When I asked my 14 and 16 year old separately on their ideas on raising smart kids I expected them to cite all sorts of examples such as reading books, learning a musical instrument, visiting the library etc. I was surprised by their nearly identical answer– “be prepared to be very different.” My older boys, my nieces and girls in my neighborhood confirmed the same idea: it's hip to be too cool for school.
How did we get here? In the past, education was highly valued. When did “smart” equate with “uncool”? And doesn’t every parent want to raise intelligent, creative children– boys and girls.
If you’ve read this far, you’re the kind of parent who cares about education, so I’ll offer up my best tips.


Take time to educate yourself. I’d placed this further down on the list, but my boys insisted nothing could be more important. When parents love learning, their kids will love it too. Read the paper, listen to the radio, teach yourself an instrument, (a language, any new skill), read books and talk about them, study the scriptures and enthusiastically share your ideas. My husband is the best example of this I’ve ever seen. He often says he doesn’t think he’s particularly smart; he just takes the time to learn. He’s always reading out loud something from Jewish World Review, citing a story he heard on NPR or studying books on economics and history. His example fuels my kids passion for knowledge. Learning isn’t a ‘program’ or occasional activity; it’s our family culture, it’s what we do.

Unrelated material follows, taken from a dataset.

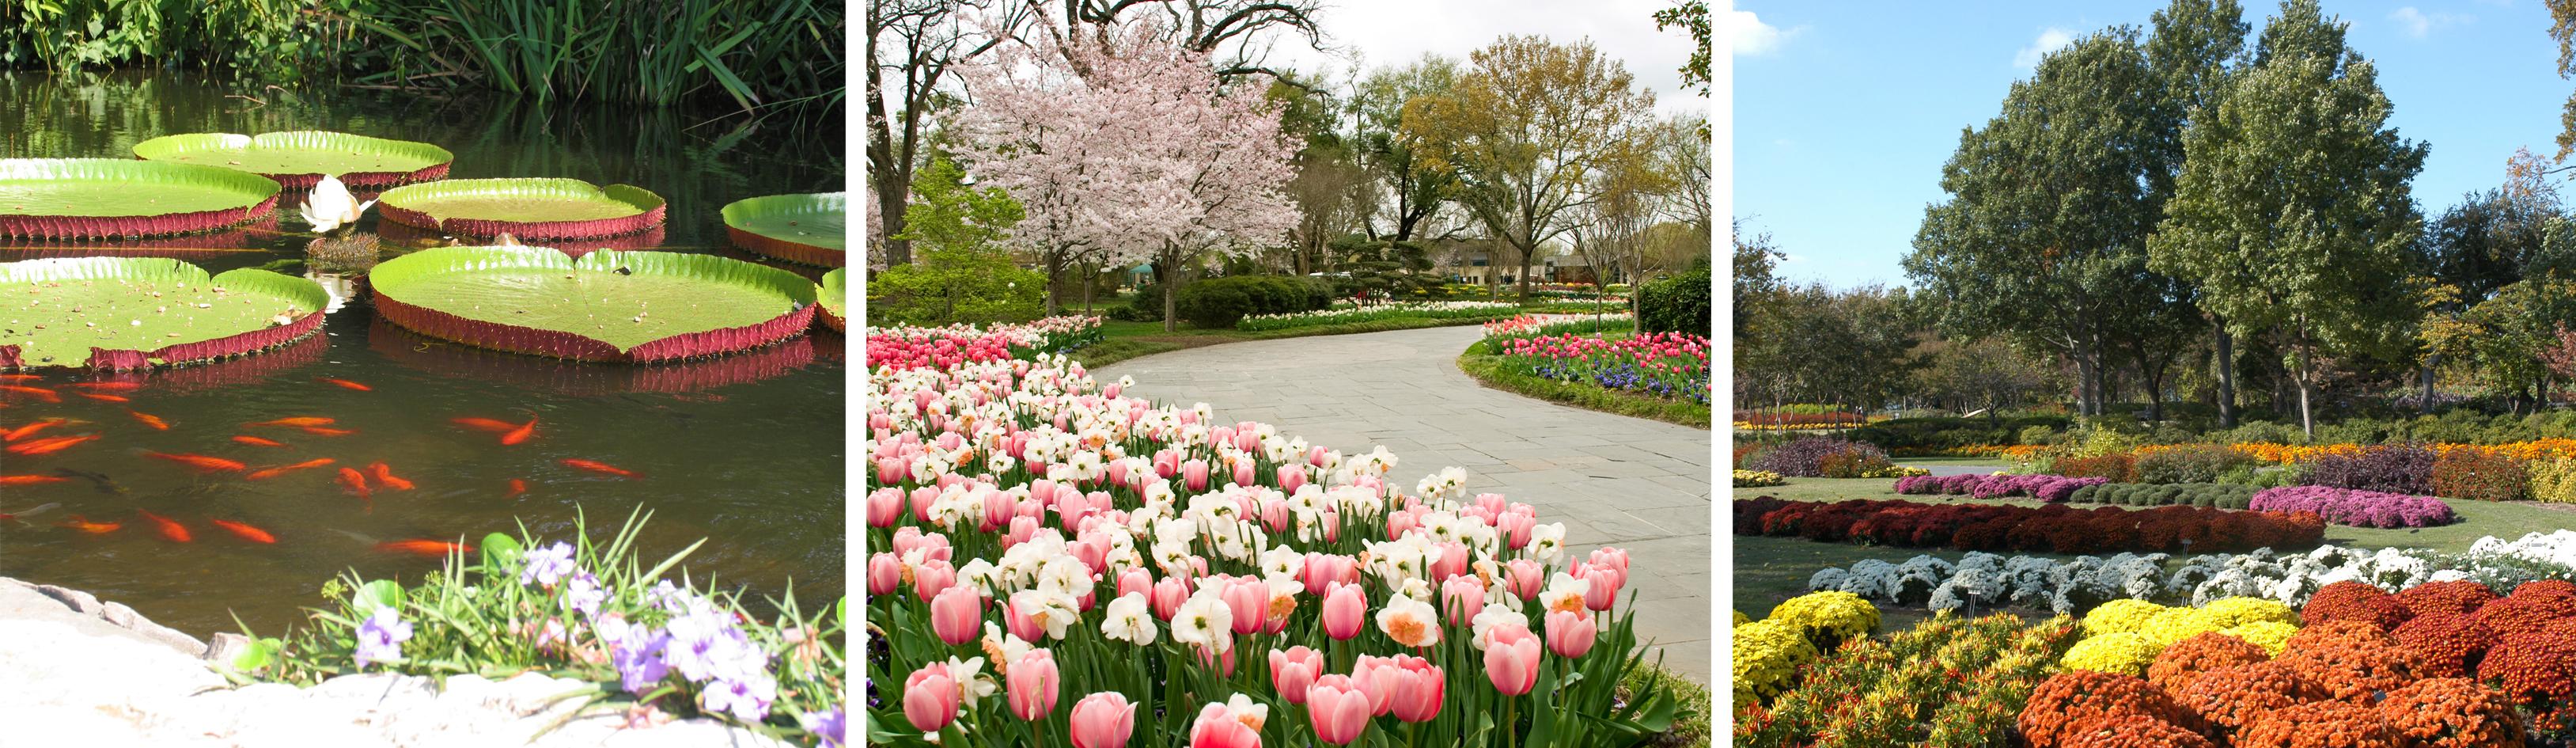 File:Dallas Arboretum Seasons

Believe your child is brilliant. Shinichi Suzuki oft repeated, “Every child can learn.” while Einstein quipped, “Every child is born a genius.” Not every child can become a concert violinist or a nuclear physicist, but they CAN learn. We need to believe in our children’s abilities. Teach your child bits of foreign language, math, science, music…
Read to your kids.  This advice has been given so often and expanded on so many times, I won’t belabor the issue. Just don’t stop reading to your kids when they learn to read themselves– they still crave your voice and your attention.

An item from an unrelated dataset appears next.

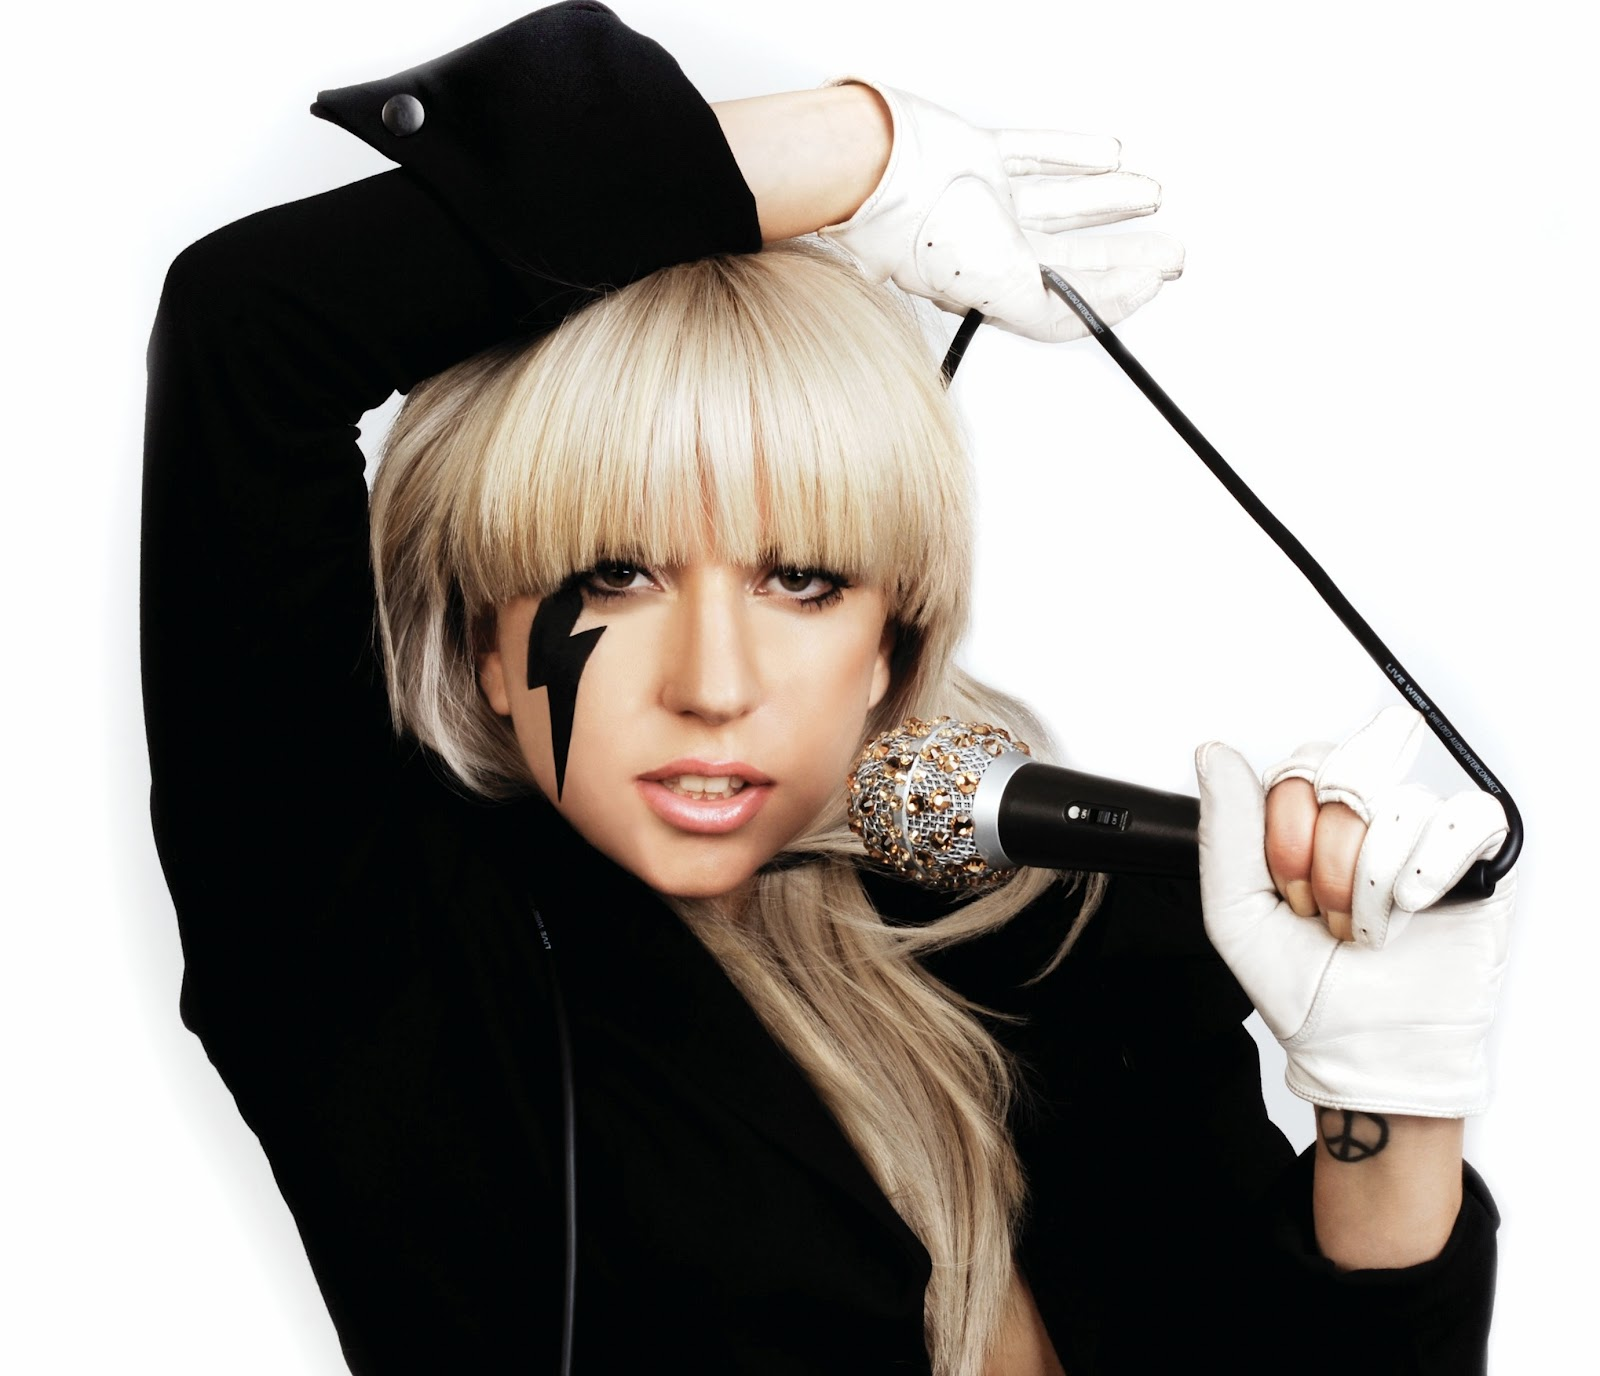 http://4.bp.blogspot.com/-h1voiGtpYBs/T9alzPwlAsI/AAAAAAAADow/8Mux1rNfkRI/s1600/Lady-Gaga-Piccol+(3).jpg

Turn off the TV. Again, this may seem a bit obvious, but lack of TV does more than free up time for reading and practicing the piano. By avoiding commercial television, you also avoid modern stereotypes. My kids don’t see the goofy, crude men in beer commercials and sit coms, because they don’t see commercials or sit coms at all. With the advent of Netflix streaming we can no longer claim to be TV free– my kids have caught up on all kinds of series on my computer, but at least Netflix demands a conscious choice–not mindless flipping through channels. My fourteen year old tells me the gifted program at his school is full of kids who don’t have cable TV. I don’t think that’s a coincidence.

Buy books. Go to the library, borrow from friends, but make sure you have plenty of books in your home. I’ve heard expense cited as an excuse, but with garage sales, used book stores and the library close-out shelf, you can easily amass a decent library for $10 a month. It’s important to have books where you can fold the corners, write in the margins and read over and over like revisiting an old friend.
Read your kids' books. At first, I did this as a precaution for my ambitious little readers. I wanted to make sure their books were age appropriate (handing my son Schindler’s List at age ten was NOT a good idea). But as they got older my children began to hand me books they’d read and loved. By reading their choices I was able to discuss themes and plotlines with them and because I listened to their recommendations, they were more willing to listen to mine. I’ve read all the Artemis Fowl, Pendragon, Fablehaven and Incarceron series my boys love. They’ve introduced me to Brandon Sanderson’s fantasy novels and spy books like Alex Ryder. I’ve learned to enjoy these genres I’d never found interesting before and I believe many of the best modern writers are penning children’s and young adult fiction. In return they’ve been much more willing to read masterpieces such as Peace Like a RiverA Tale of Two CitiesLes Miserables and anything and everything from C.S. Lewis. In fact, any time my kids are grouped together reading (filling every couch and chair) one of them will be holding a C.S. Lewis book.

Play an instrument. Note the emphasis on play. You don’t need to raise the next Mozart (we all know his father was bit overbearing) but thousands of studies have shown the value in learning music. In my own home, I’ve seen musical training teach children sensitivity, math skills, the ability to work hard. Yes, music lessons and instruments can be expensive but there are a thousand ways to navigate costs. Trade skills with a friend, take advantage of community programs, practice on the widow’s piano next door…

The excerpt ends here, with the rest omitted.